Liver dysfunction or injury, characterized by liver test abnormalities, have been reported in patients with COVID-19 [3, 4]. Biochemical abnormalities in the liver, such as elevated alanine aminotransferase (ALT), aspartate aminotransferase (AST), gamma-glutamyl transferase (GGT), alkaline phosphatase (ALP) and/or total bilirubin (TBIL) levels, were associated with increased risks of mortality [5, 6]. However, the pathophysiological and immunological mechanisms of liver injury in patients with COVID-19 are poorly understood. Understanding the fundamental physiological and immunological processes of COVID-19-associated liver injury is vital for the identification and rational design of effective therapies.

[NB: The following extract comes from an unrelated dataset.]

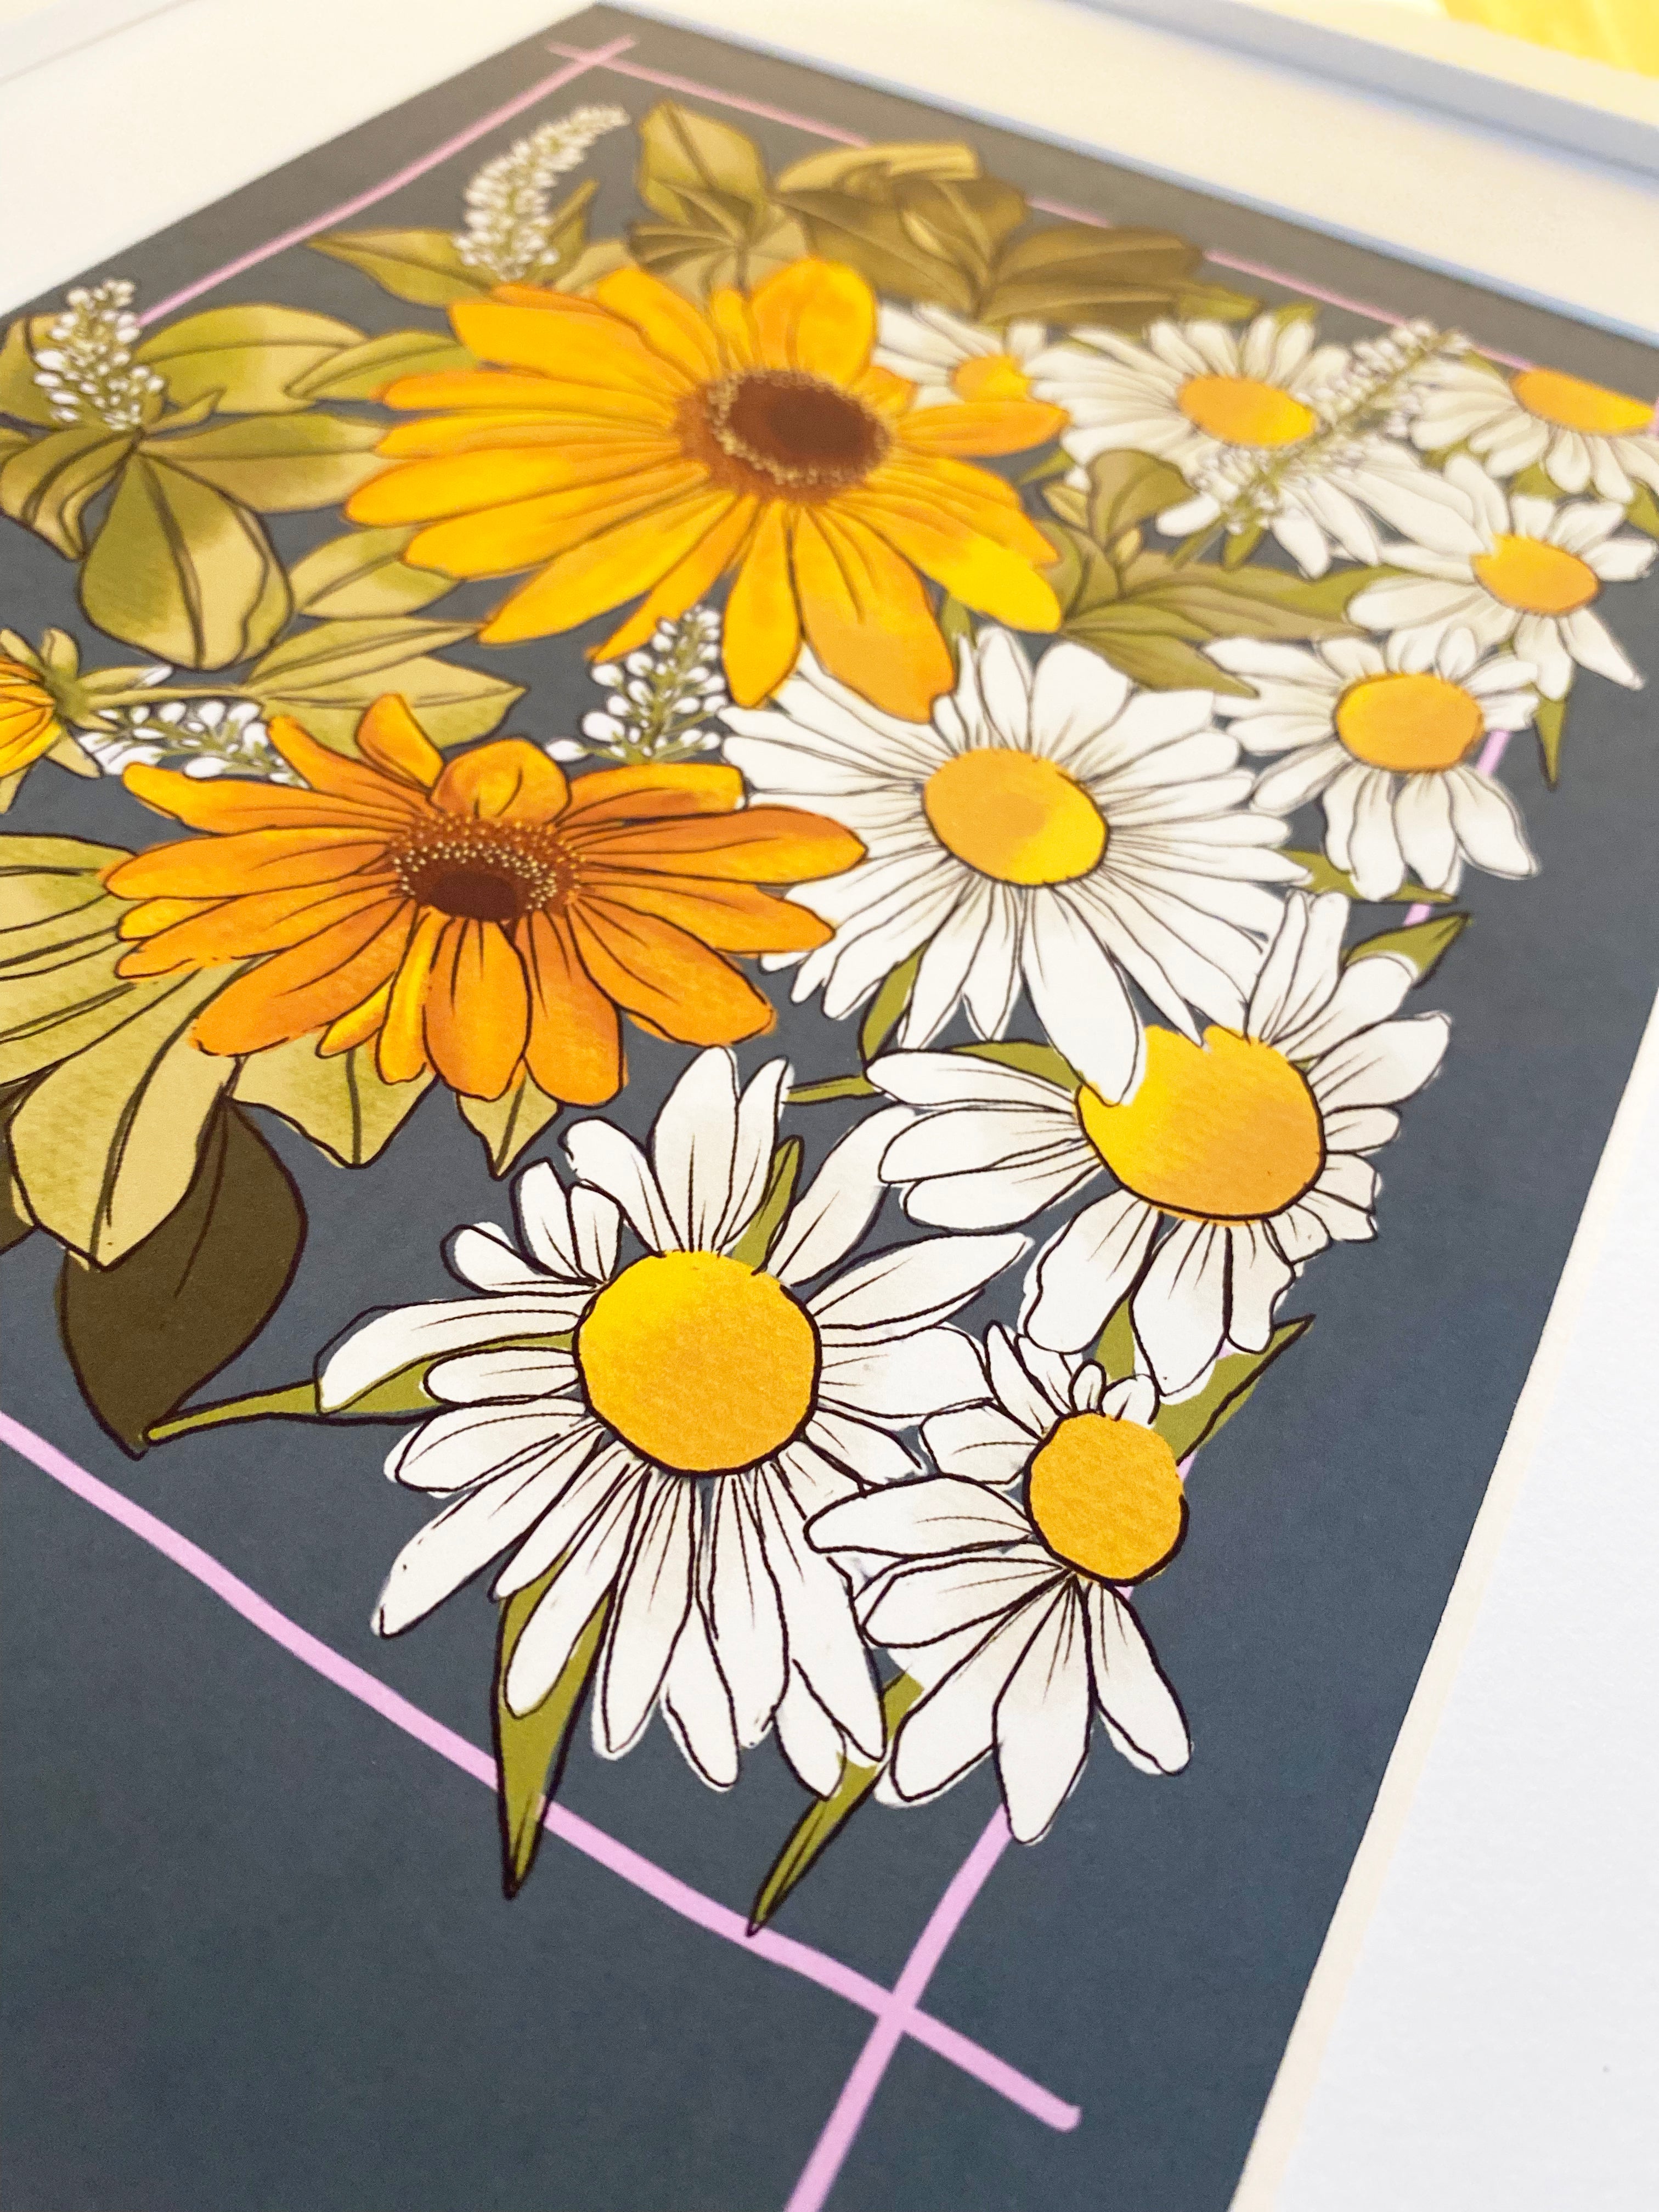 Rudbeckia, daisies and gooseneck floral print

Angiotensin-converting enzyme-2 (ACE2)-mediated direct cytopathic effects of SARS-CoV-2

Whether SARS-CoV-2 can directly target the liver, specifically hepatocytes, is unknown and has been widely studied. Reports on a limited number of liver biopsy samples from COVID-19 patients showed moderate microvesicular steatosis, slightly watery degeneration or necrosis of hepatocytes, mild sinusoidal dilatation, and lymphocytic endotheliitis, indicating the liver injury might be caused by SARS-CoV-2 infection [7, 8]. SARS-CoV2 viral load has been tested in about 48% of patients even with respiratory samples tested negative and SARS-CoV-2 nucleocapsid was detected in the cytoplasm of intestinal biopsies, which indicated a plausible hypothesis that viruses could enter the portal circulation to reach the liver [9, 10]. Nebuloni et al. detected the SAR-CoV-2 virions in the hepatic vessel lumen and endothelial cells by in situ hybridization [7]. Evidence for direct hepatic infection was provided by showing SARS-CoV-2 particles in the cytoplasm of hepatocytes of COVID-19 patients with hepatic dysfunction [11]. Zhao et al. reported that typical coronavirus particles, characterized by spike structures, were observed in the cytoplasm of hepatocytes in COVID-19 cases. SARS-CoV-2 directly contributed to cytopathy based on the ultrastructural features of conspicuous mitochondria swelling, endoplasmic reticulum dilatation, glycogen granule decreased, and impaired cell membranes in the infected hepatocytes [12]. Notably, there is no confirmatory PCR testing for viral nucleic acids performed in the spiked inclusions and their degenerate components, leaving the possibility that these spiked particles may not be of viral origin [12, 13]. Whereas SARS-CoV viral RNA was shown to be detected in the liver tissues by PCR testing at the time of SARS pandemic [14], and recent virus detection studies have shown that the sequence of the current new coronavirus has 79.6% homology with SARS-CoV [15]. All the aforementioned findings imply that liver injury in COVID-19 patients might be partially caused by a direct attack by the virus.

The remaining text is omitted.